Technical Challenges 

  1. I need to gather data in different lighting condition and different backgrounds to make sure the testing is robust
  2. I can also synthetically create more training data by adding noise, varying the lighting and rotating hand images 

Setting up the Development Environment

Since this is my first time working with gesture recognition, I spent time getting the necessary tools and dependencies installed: 

  • Installed necessary libraries like OpenCV, MediaPipe, TensorFlow 
  • Configured Jupyter Notebook for testing different models and algorithms 

Progress Update

 I would say that I am slightly behind schedule in terms of actual implementation but on track in terms of understanding the concepts and setting up the groundwork. The research and initial setup phase took longer than expected but now that I have a better understanding of the algorithms and their implementation, I should be able to move forward with actually implementing code. 

To catch up, I plan to: 

  1. Run and analyze sample gesture recognition models in Python 
  2. Begin experimenting with CNN models for static gesture classification 

Next Week’s Deliverables: 

By the end of the week, I aim to have: 

  • A working mediapipe hand tracking prototype capturing and displaying hand keypoints 
  • A basic CNN model for static gesture classification 

 

Charvi’s Status Report for 2/8/25

This week, our team worked on the porject proposal, website, and presentation.
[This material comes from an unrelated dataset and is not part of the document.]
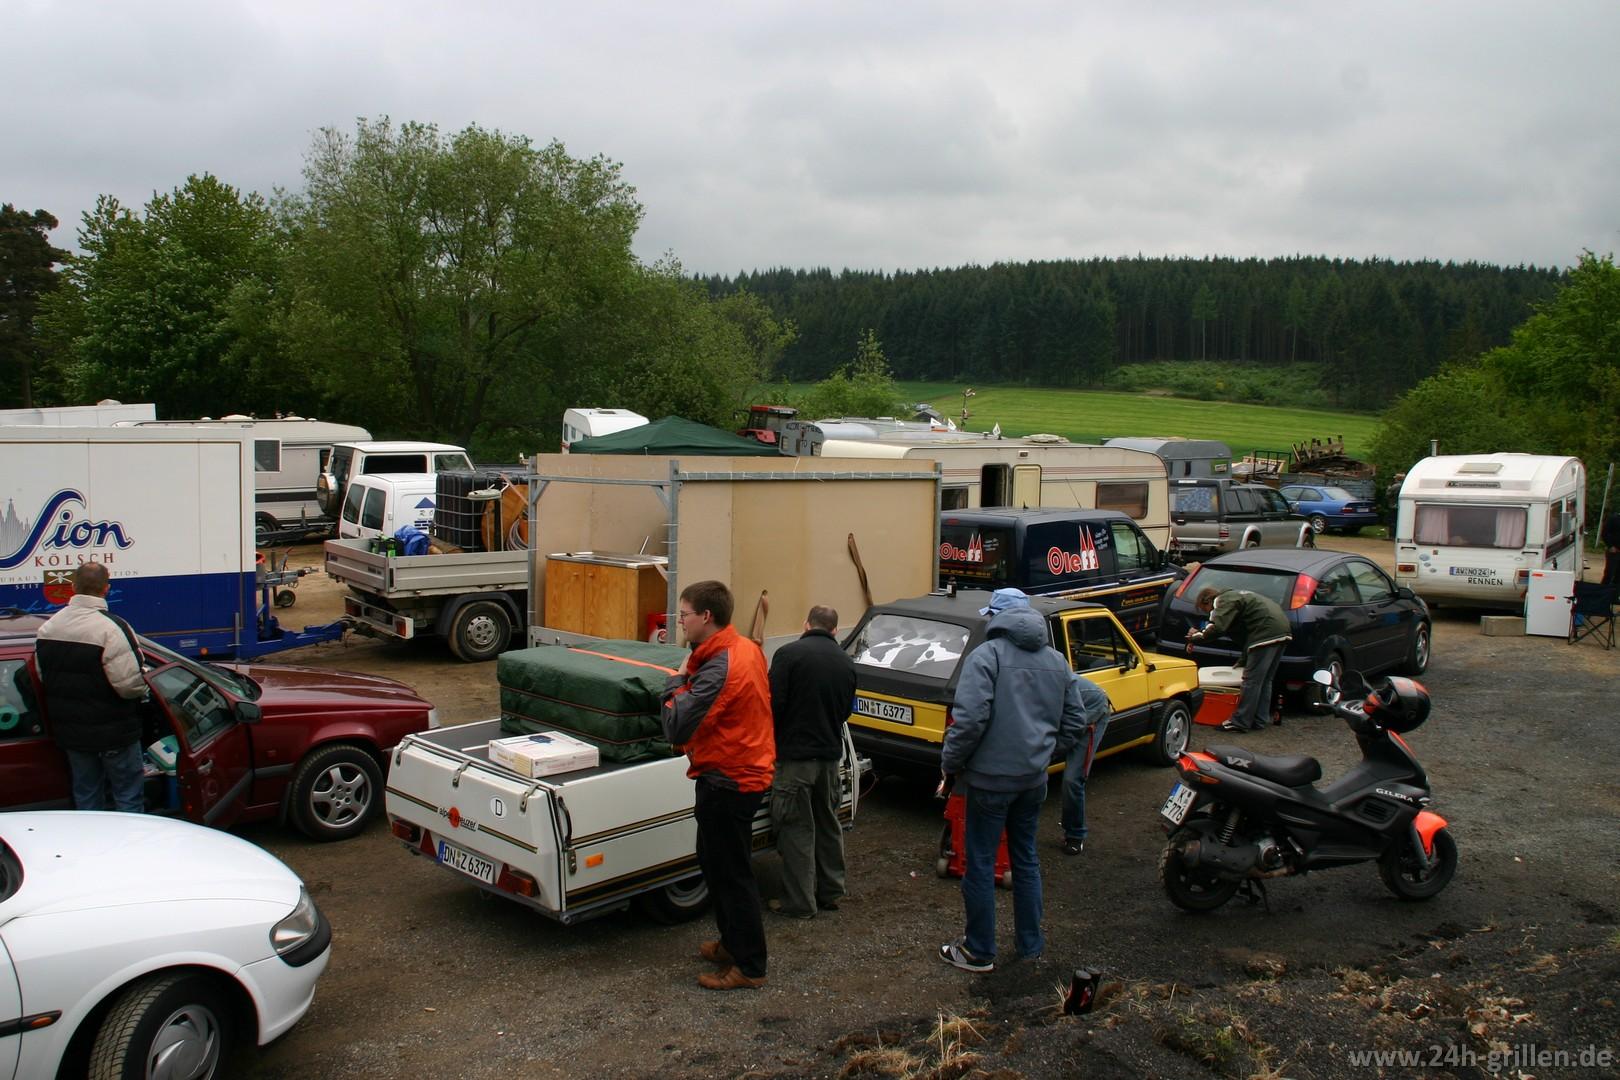 IMG_2008 (5)

I worked individually on creating the gannt chart for the team as well as the testing schedule and general scedule, and our team met multiple times to go over our proposal presentation as well as general project requirements and details.

I presented for the team, and after presenting we got some intersting questions and new considerations from our peers to go into.
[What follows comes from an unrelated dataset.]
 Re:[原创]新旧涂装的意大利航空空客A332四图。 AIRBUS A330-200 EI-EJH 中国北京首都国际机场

One particular question that was interesting was pertaining to hand gesture recognition, and that it may not be feasible given the circumstance of being in a kitchen and there being a lot of moving parts. I think this is something we will have to test early.

I also spent some time looking into XR (specifically AR) development on Unity, as we did a breif exploration earlier but I wanted to get started with development. I spent some time getting familiar with Unity in general, and will be ready to use it going forward.

I am generally on schedule, though we will need to pick up the pace especially since web app development is supposed to be pretty much finished within the next week or two.

This upcoming week, I hope to get a wep app MVP finished and our basic databases set up. I hope this won’t be too bad, as both Diya and I have taken web app development, though it has been a little over a year so we might need to refersh ourselves a bit. though I still don’t anticipate it being too difficult. Once this is done if I have time, I want to do some basic Unity AR development and test it on existing hardware (my roomate has a meta quest) – just to make sure that there are no huge obstacles.